Богиня

Ульяна Марцивани
А сегодня мне снилась Богиня. Она смотрела на меня своими бездонными глазами и преданно молчала.
Мы гуляли по опаленной солнцем Москве, скрываясь от жары в тени старых построек. Наши тени были раза в три длиннее и тоньше нас самих, что очень сильно пугало Богиню:
 - Мне кажется, что я и вправду такая узкая.
Мне хотелось ее успокоить, сделав комплимент ее фигуре, но она была в бесформенном черном платье, сквозь которое невозможно распознать какие-либо формы; плотные черные колготки обтягивали ноги, что, казалось, заменяли кожу; лаковые туфли на высоком каблуке делали и без того стройные ноги еще идеальней; меня всегда восхищали руки этой женщины с их тоненькими пальчиками, на которых красовались кольца, но сейчас их скрывали атласные перчатки до самого локтя.
Мне нравилось в этой женщине абсолютно все – от манеры одеваться до неземного акцента. Когда она шла по улице своей воздушной походкой, все оборачивались ей вслед и еще долго вспоминали ее. В ней есть что-то притягивающее: когда разговариваешь с ней, время останавливается; мужчины скоро замазолят ее тело своими взглядами; каждая женщина в глубине души мечтает быть похожей на нее хоть немножко.

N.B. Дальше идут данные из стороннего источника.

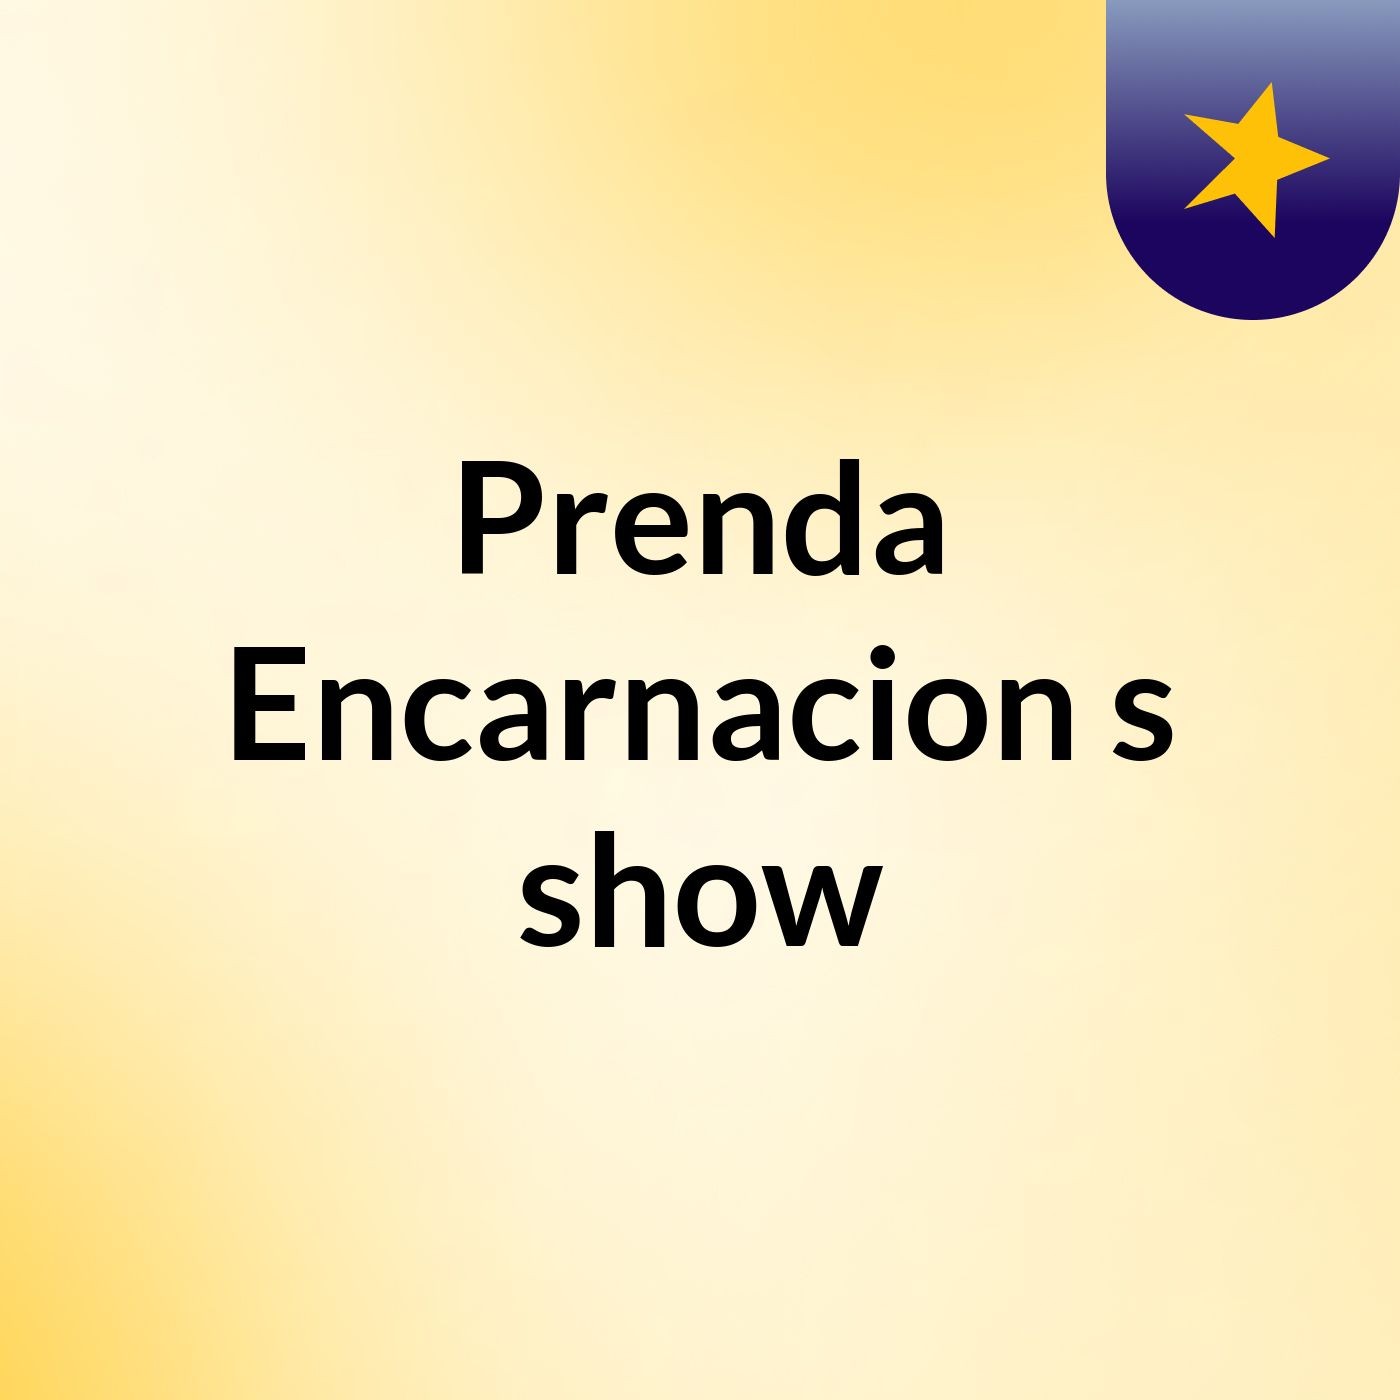 Prenda Encarnacion's show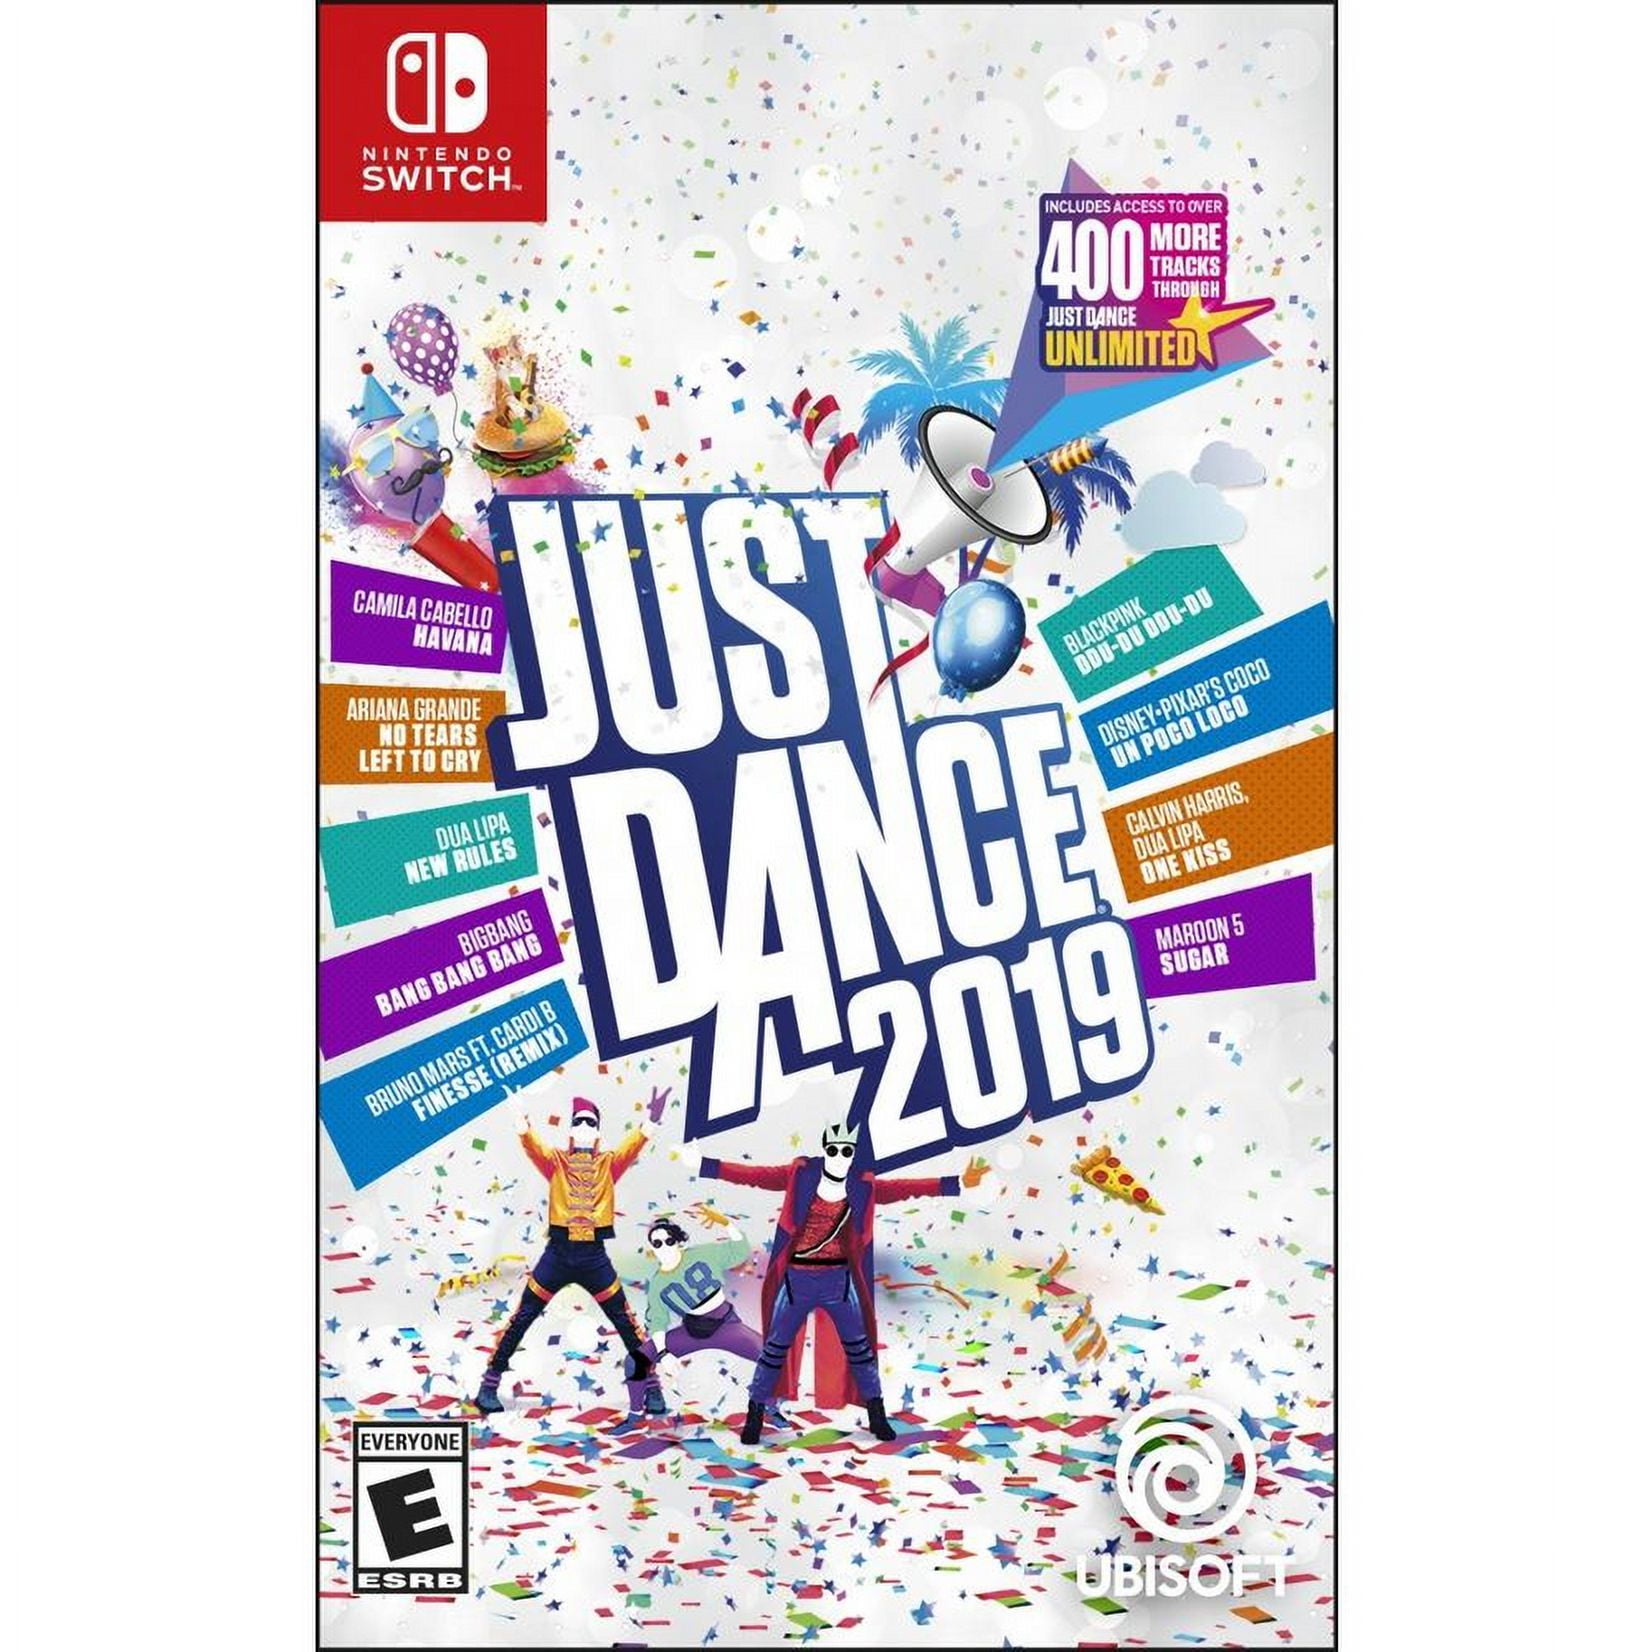 Edition Just Standard Nintendo 2019 Dance Switch -

Сейчас в ней что-то поменялось. Конечно, притяжение есть, но не такое, как раньше. Люди реже оборачиваются, время ощущается отчетливее, женщины вокруг кажутся удаленными ото всего.
Мы свернули в ближайшее кафе. Все стены были увешаны фотографиями Богини. На них она такая разная, но общие черты не меняются: строгость, непосредственность, обворожительность, а глаза – преданные и ждущие! Кажется, будто в них застыла сама любовь в немом ожидании перемен.
Я увлеченно поедала клубничный торт, бегая глазами по фотографиям; она же ничего не ела, лишь скромно, с соблюдением всех королевских манер, пила каппучино из миниатюрной, под стиль ей, чашке. Переводя взгляд с фотографий на саму Богиню, мне отчего-то казалось, что это совершенно два разных человека. Та, что на фотографиях, была настоящей Богиней, какие только есть на Олимпе; Богиня напротив меня больше напоминала рядовую женщину, уставшую от работы быть собой.
Да, передо мною была самая обыкновенная женщина! Но все равно я называла ее Богиней. У нее стало неестественно смуглое лицо, как после солярия, исчезли щеки, потерялась улыбка, а глаза – в них поселилась тоска, спасающаяся от холода остатками надежды. Эта женщина кажется сильной, но в душе ей нужна помощь; подавляя в себе все видимые и невидимые просьбы, она становится слабее и слабее, и все больше и больше пытается это замаскировать. Неудивительно, что никто на нее не реагирует: просто никто не узнает в ней Богиню: так, какая-то странная, каких сейчас много.
 - Ты изменилась, - сказала я.
 - Правда? И чем же?
Она даже не улыбнулась: будто ботекс вкололи.
 - Не могу сказать, но ты – другая. Потускнела немножко.
Богиня спокойно посмотрела по сторонам, задерживая взгляд на некоторых фотографиях, а потом спокойно произнесла:
 - Пойдем.
Держась за руки, мы бежали по набережной в сторону Кутузовского, оставляя за собой глухой стук каблуков. В любой момент я готова была упасть на раскаленный асфальт не то от жары, не то от усталости.
 - Не останавливайся, - протяжно говорила Богиня.
Мы прибежали к пятиэтажке. Подниматься по лестнице было тяжко, хоть и в прохладе подъезда дышалось легче.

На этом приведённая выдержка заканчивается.